I will load the data set and use the summary() and glm() functions, determine the estimated standard errors for the coefficients associated with income and balance in a multiple logistic regression model that uses both predictors.

set.seed(602)
library(ISLR)
data(Default)

default.glm <- glm(default ~ income + balance, data=Default, family='binomial')

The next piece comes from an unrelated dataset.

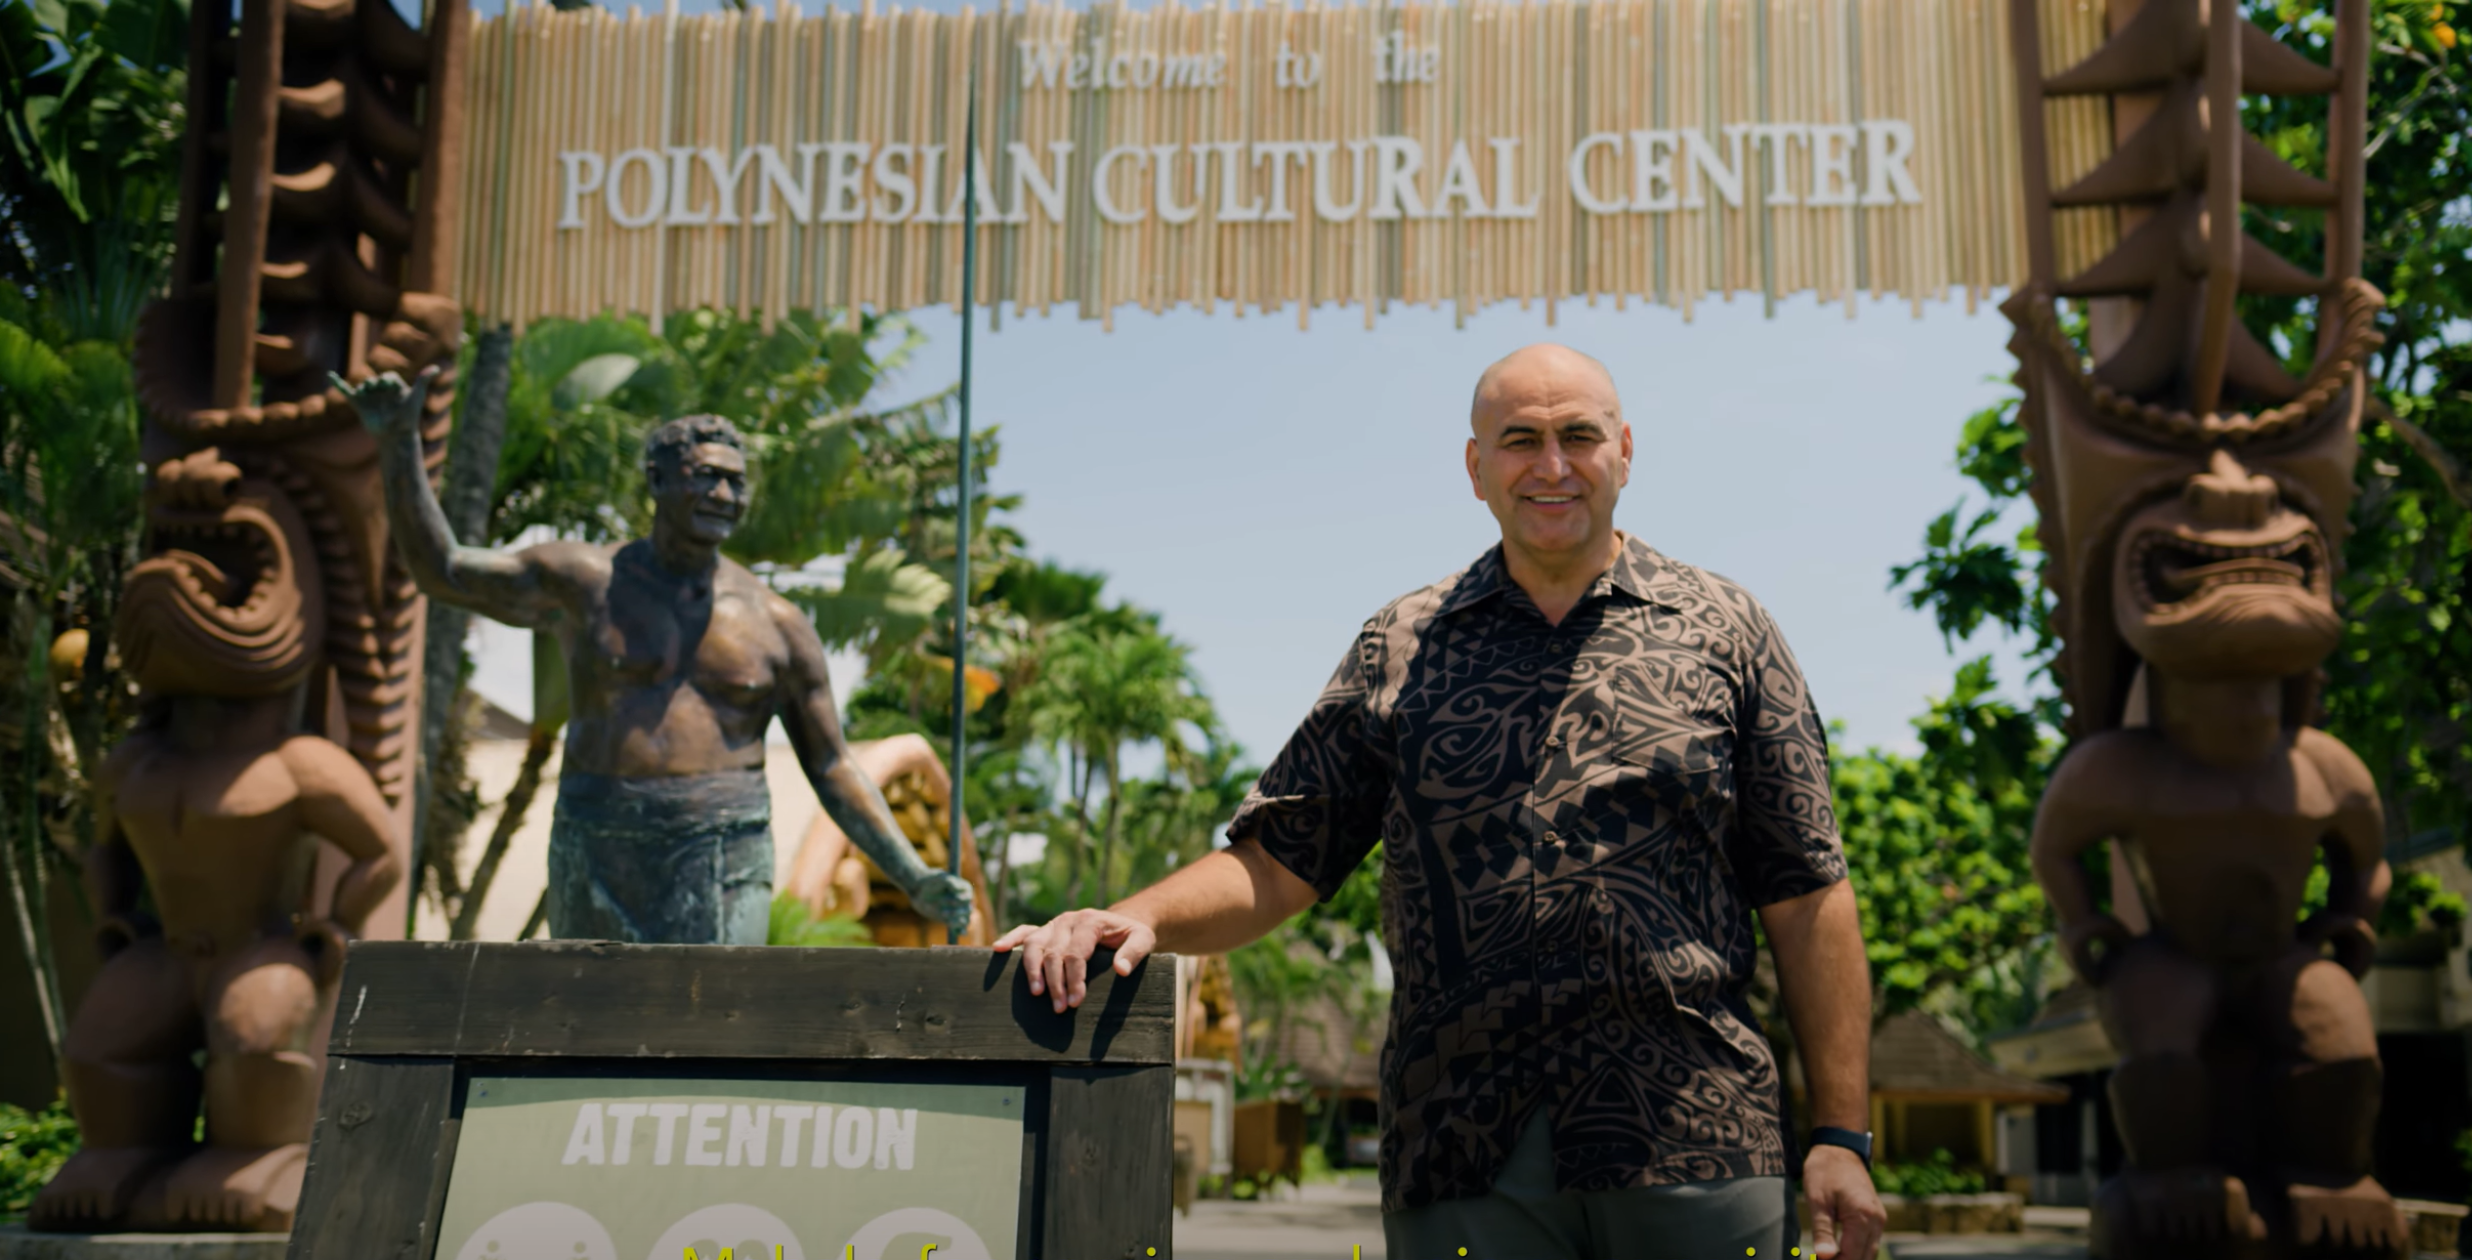 P. Alfred Grace, President of the Polynesian Cultural Center greets visitors in a Covid-19 specific Health & Safety video. The Center plans to fully reopen in March, 2021

d.coef <- summary(default.glm)$coefficients[,1]
d.std.err <- summary(default.glm)$coefficients[,2]

output.glm <- data.frame(
  Coefficients = d.coef,
  Standard.Errors = d.std.err
)

output.glm

##Problem 6 b)

Now I will write a function, boot.fn(), that takes as input the Default data set as well as an index of the observations, and that outputs the coefficient estimates for income and balance in the multiple logistic regression model.

library(boot)

boot.fn <- function(data, index) {
  glm.fit <-glm(default ~ income + balance, data=data, family=binomial, subset=index)
  return(glm.fit$coefficients)
}

##Problem 6 c)

Now I will use the boot() function together with the boot.fn() function to estimate the standard errors of the logistic regression coefficients for income and balance.

b.method <- boot(Default, boot.fn, 1000)

b.method

## 
## ORDINARY NONPARAMETRIC BOOTSTRAP
## 
## 
## Call:
## boot(data = Default, statistic = boot.fn, R = 1000)
## 
## 
## Bootstrap Statistics :
##          original        bias     std. error
## t1* -1.154047e+01 -3.891298e-02 4.366882e-01
## t2*  2.080898e-05  9.411346e-08 4.747218e-06
## t3*  5.647103e-03  1.936295e-05 2.305903e-04

compare <- data.frame(
 glm.coefficinets = c(d.coef),
 boot.coefficients = c(-1.154047e+01,2.080898e-05,5.647103e-03),
 glm.standard.errors = c(d.std.err),
 boot.standard.errors = c(4.326330e-01,4.893396e-06,2.337714e-04)
)

compare

##Problem 5 d)

The coefficients are the same but the standard errors between the glm method and boot method are negligibly different.

#3. Question 5.4.9 pg 201

##Problem 9 a)

I will load the Boston data set from the library MASS. Then I will calculate the mean value medv variable and call this $\hat{\mu}$

library(MASS)
data(Boston)

mu_hat <- mean(Boston$medv)
mu_hat

## [1] 22.53281

$\hat{\mu}$ = 22.53281

##Problem 9 b)

Now I will provide an estimate of the standard error of $\hat{\mu}$ and intepret the result

#Number of observations
num_obs <- nrow(Boston)

#standard deviation
std <- sd(Boston$medv)

st_err <- std/sqrt(num_obs)

cat('The standard error of the sample mean is: ', st_err)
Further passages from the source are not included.